The initial value used for the NR iteration is obtained by shifting the lookup table value left by 11 bits to move it into the 65536 to 131071 range of the result of the bit inversion. Optimal value for an index in the lookup table would be one the produces equal amount of error in the calculation with the bits 9 downto 0 being “00_0000_0000” and “11_1111_1111”. This does not happen for all values in the look up table but in the name of saving logic resources a minimum word length was chosen that provided good enough performance.
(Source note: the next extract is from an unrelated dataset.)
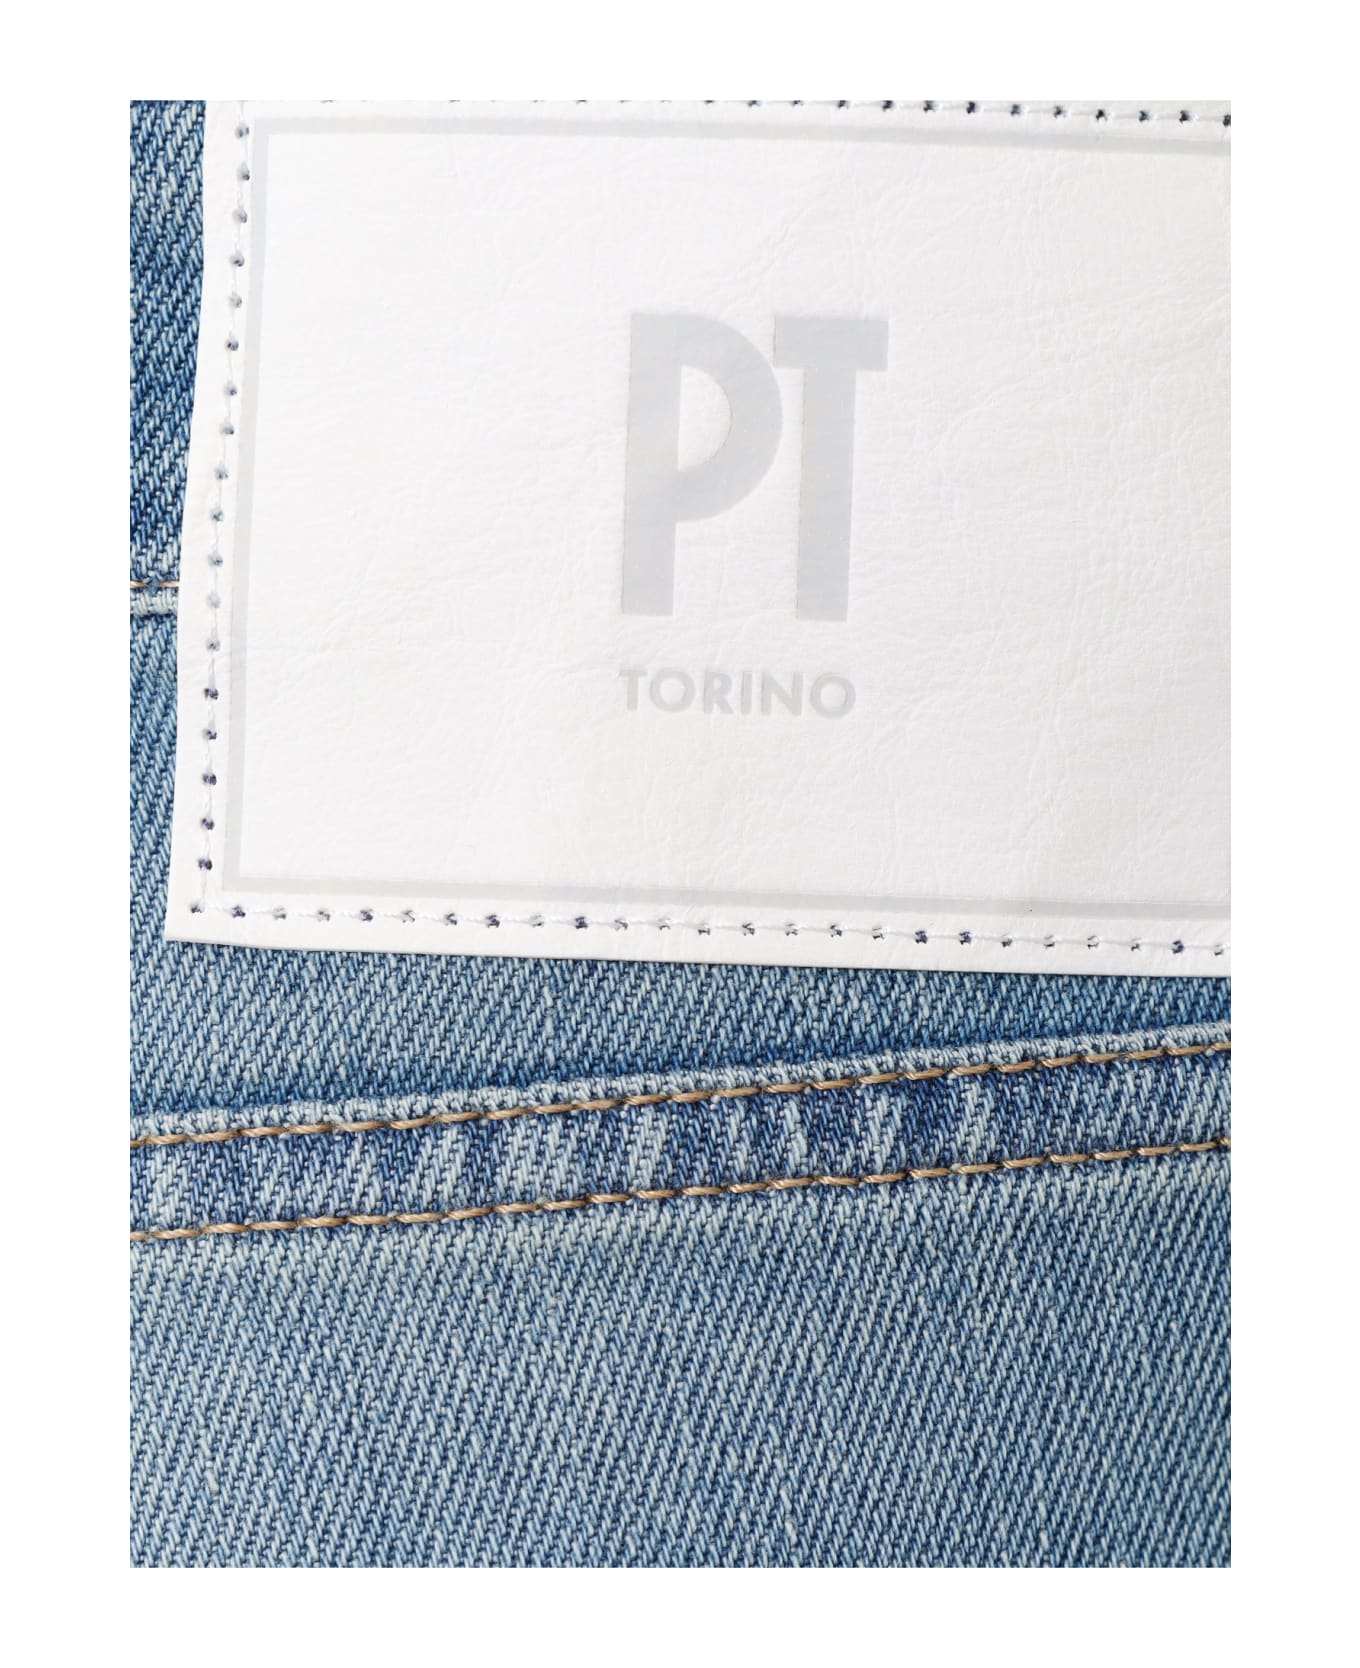 PT Torino Jeans - Blue デニム

Steps 3 and 4 : Newton Raphson iterator and final multiplication

The Newton-Raphson iterator is created in the create_division procedure. The procedure has a state machine which can be run either one or two times. Two passes through the NR iteration already provides full accuracy thus there is no need for further iterations for the chosen word length.

The invert_bits is used in the second step since the number system used natively by VHDL is two’s complement in which $2-number$ is equivalent to just inverting all of the bits. Note that 2 refers to “2” in chosen radix, thus for rad16 it is 131071 or 2*2^16. Otherwise the algorithm is directly using the NR iteration. If the NR iteration is called with 2 iterations, then after the first pass the loop is run again. Once the NR iteration(s) are ready, the multiplier is then called with the dividend and the reciprocal obtained from the NR iterations.
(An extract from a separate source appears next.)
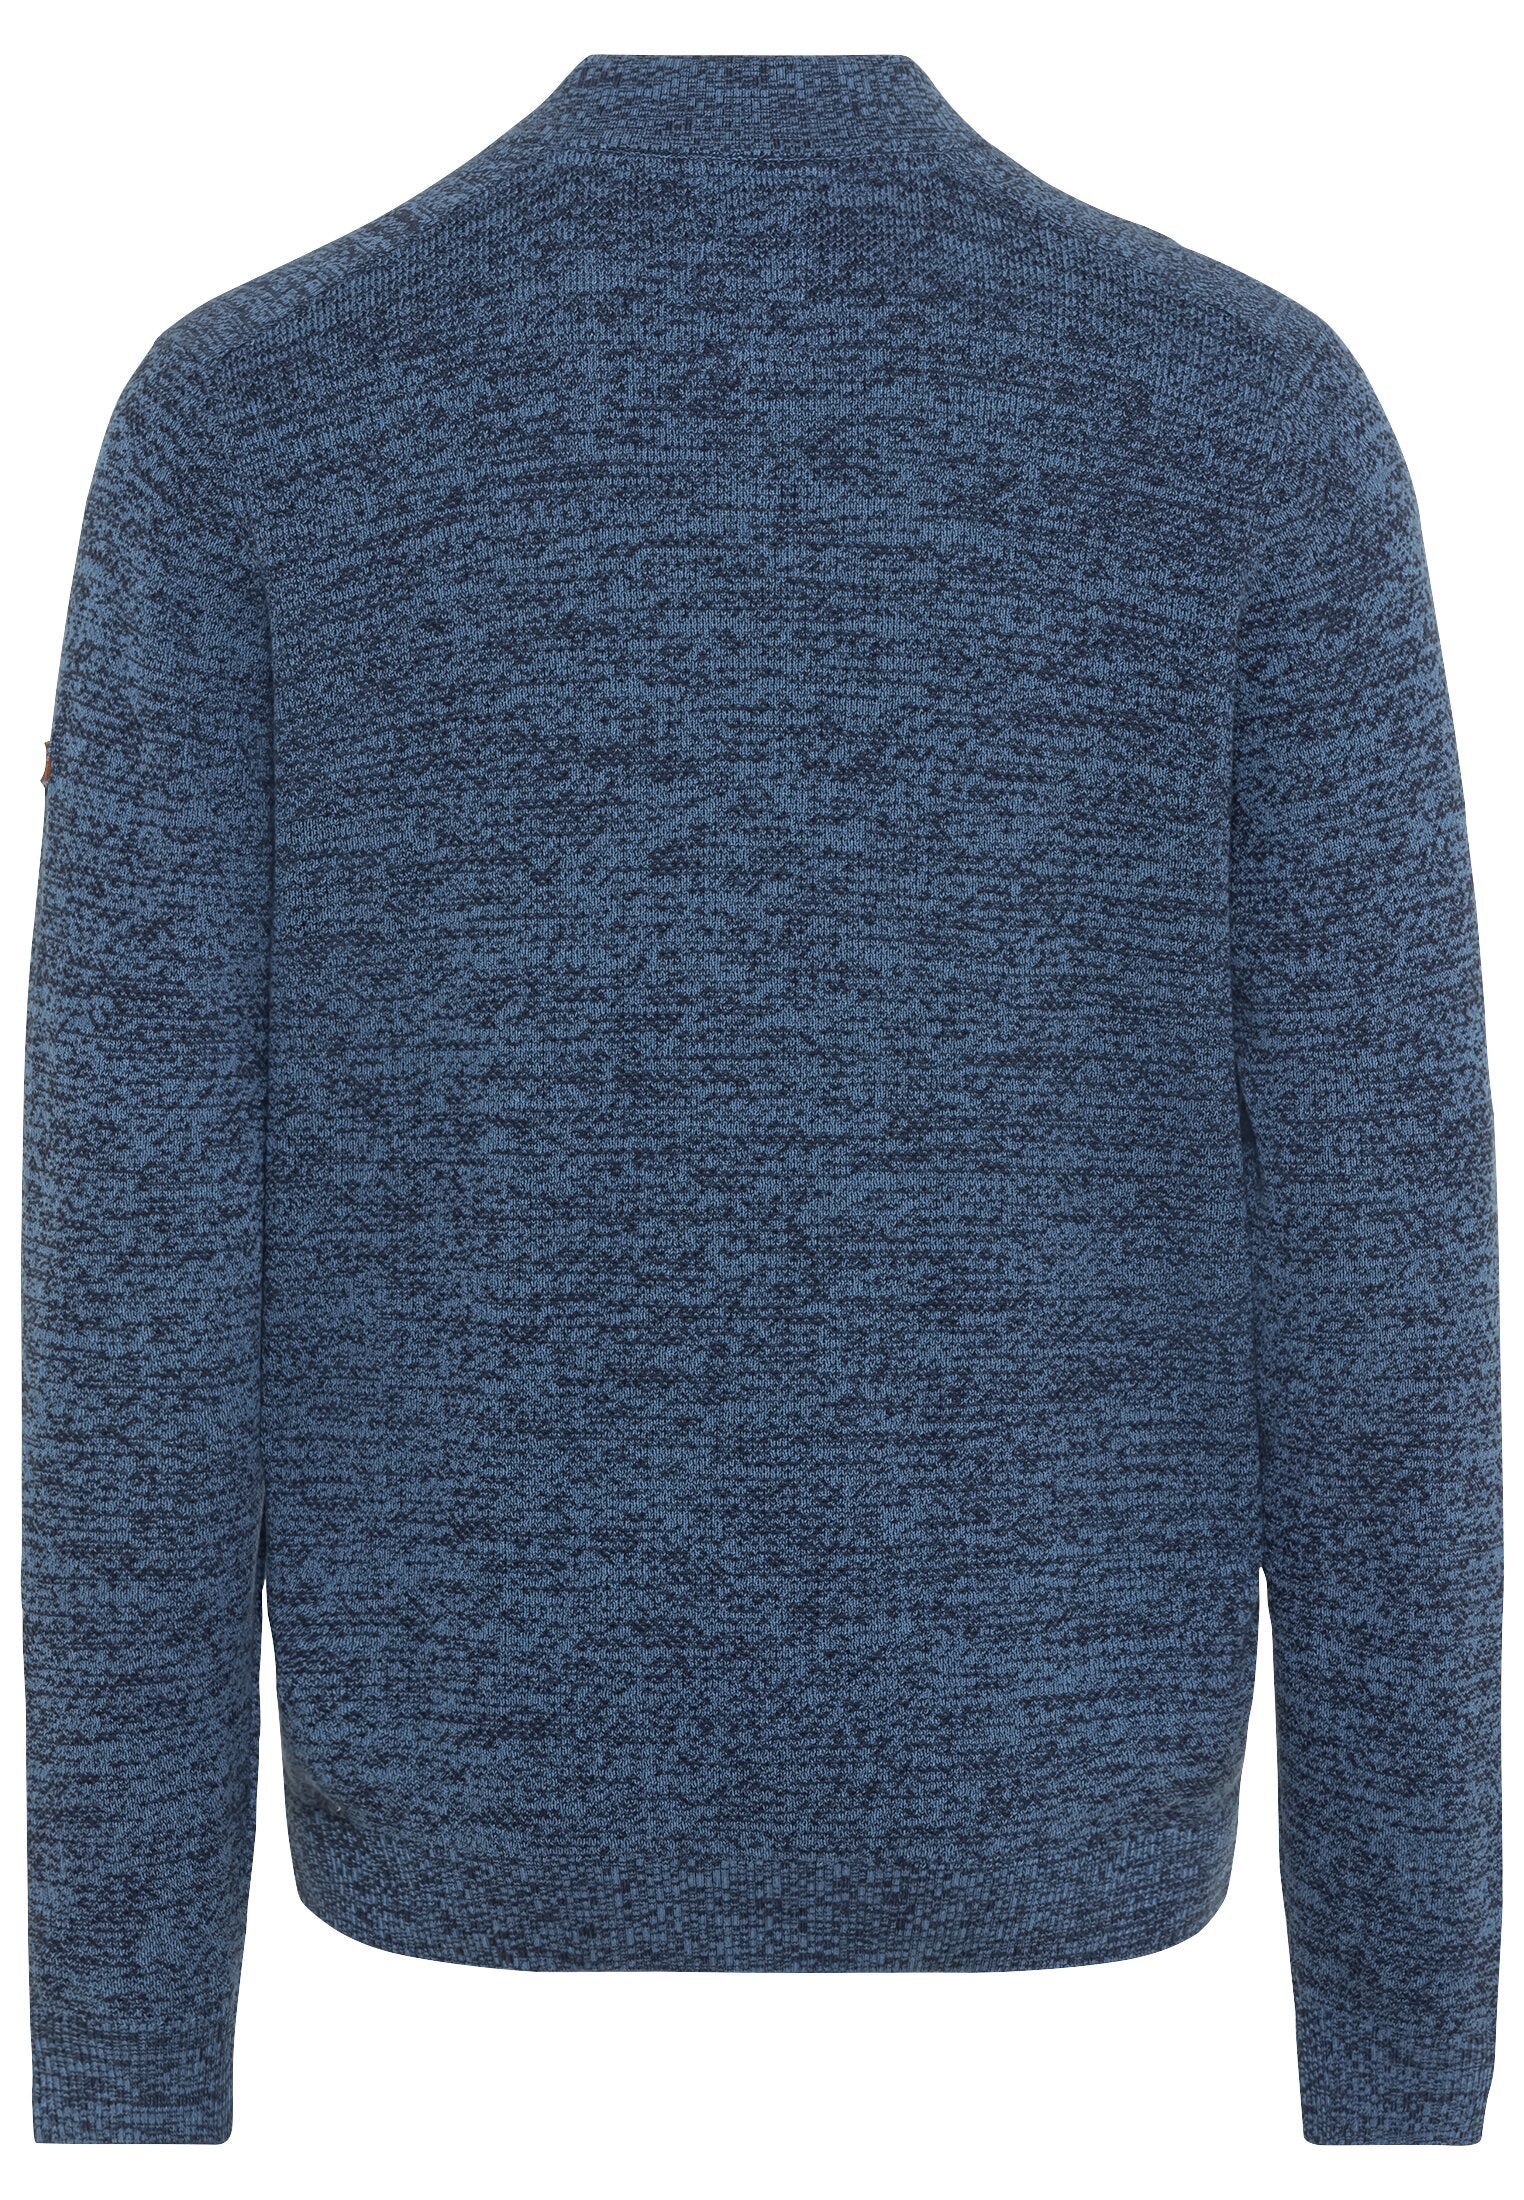 Knitted Jacket (Elemental Blue)

------------------------------------------------------------------------
    procedure create_division
    (
        signal hw_multiplier : inout multiplier_record;
        signal division : inout division_record
    ) is
    --------------------------------------------------
        function invert_bits
        (
            number : natural
        )
        return natural
        is
            variable number_in_std_logic : std_logic_vector(16 downto 0);
        begin
            number_in_std_logic := not std_logic_vector(to_unsigned(number,17));
            return to_integer(unsigned(number_in_std_logic));
        end invert_bits;
    --------------------------------------------------
        alias division_process_counter is division.division_process_counter;
        alias x is division.x;
        alias number_to_be_reciprocated is division.number_to_be_reciprocated; 
        alias number_of_newton_raphson_iteration is division.number_of_newton_raphson_iteration; 
        alias dividend is division.dividend;
        variable xa : int18;
    --------------------------------------------------
    begin
         
        CASE division_process_counter is
            WHEN 0 =>
                multiply(hw_multiplier, number_to_be_reciprocated, x);
                division_process_counter <= division_process_counter + 1;
            WHEN 1 =>
                if multiplier_is_ready(hw_multiplier) then
                    xa := get_multiplier_result(hw_multiplier, 16);
                    multiply(hw_multiplier, x, invert_bits(xa));
                end if;
                increment_counter_when_ready(hw_multiplier,division_process_counter);
            WHEN 2 =>
                if multiplier_is_ready(hw_multiplier) then
                    x <= get_multiplier_result(hw_multiplier, 16);
                    if number_of_newton_raphson_iteration /= 0 then
                        number_of_newton_raphson_iteration <= number_of_newton_raphson_iteration - 1;
                        division_process_counter <= 0;
                    else
                        division_process_counter <= division_process_counter + 1;
                        multiply(hw_multiplier, get_multiplier_result(hw_multiplier, 16), dividend);
                    end if;
                end if;
            WHEN others => -- wait for start
        end CASE;
    end create_division;
------------------------------------------------------------------------

Step 5. Final shifting

Similar setup for calculating the number of zeroes in the range reduction is also used for scaling the final result. The final scaling is determined by the initial divisor range given as argument to the get_result_function.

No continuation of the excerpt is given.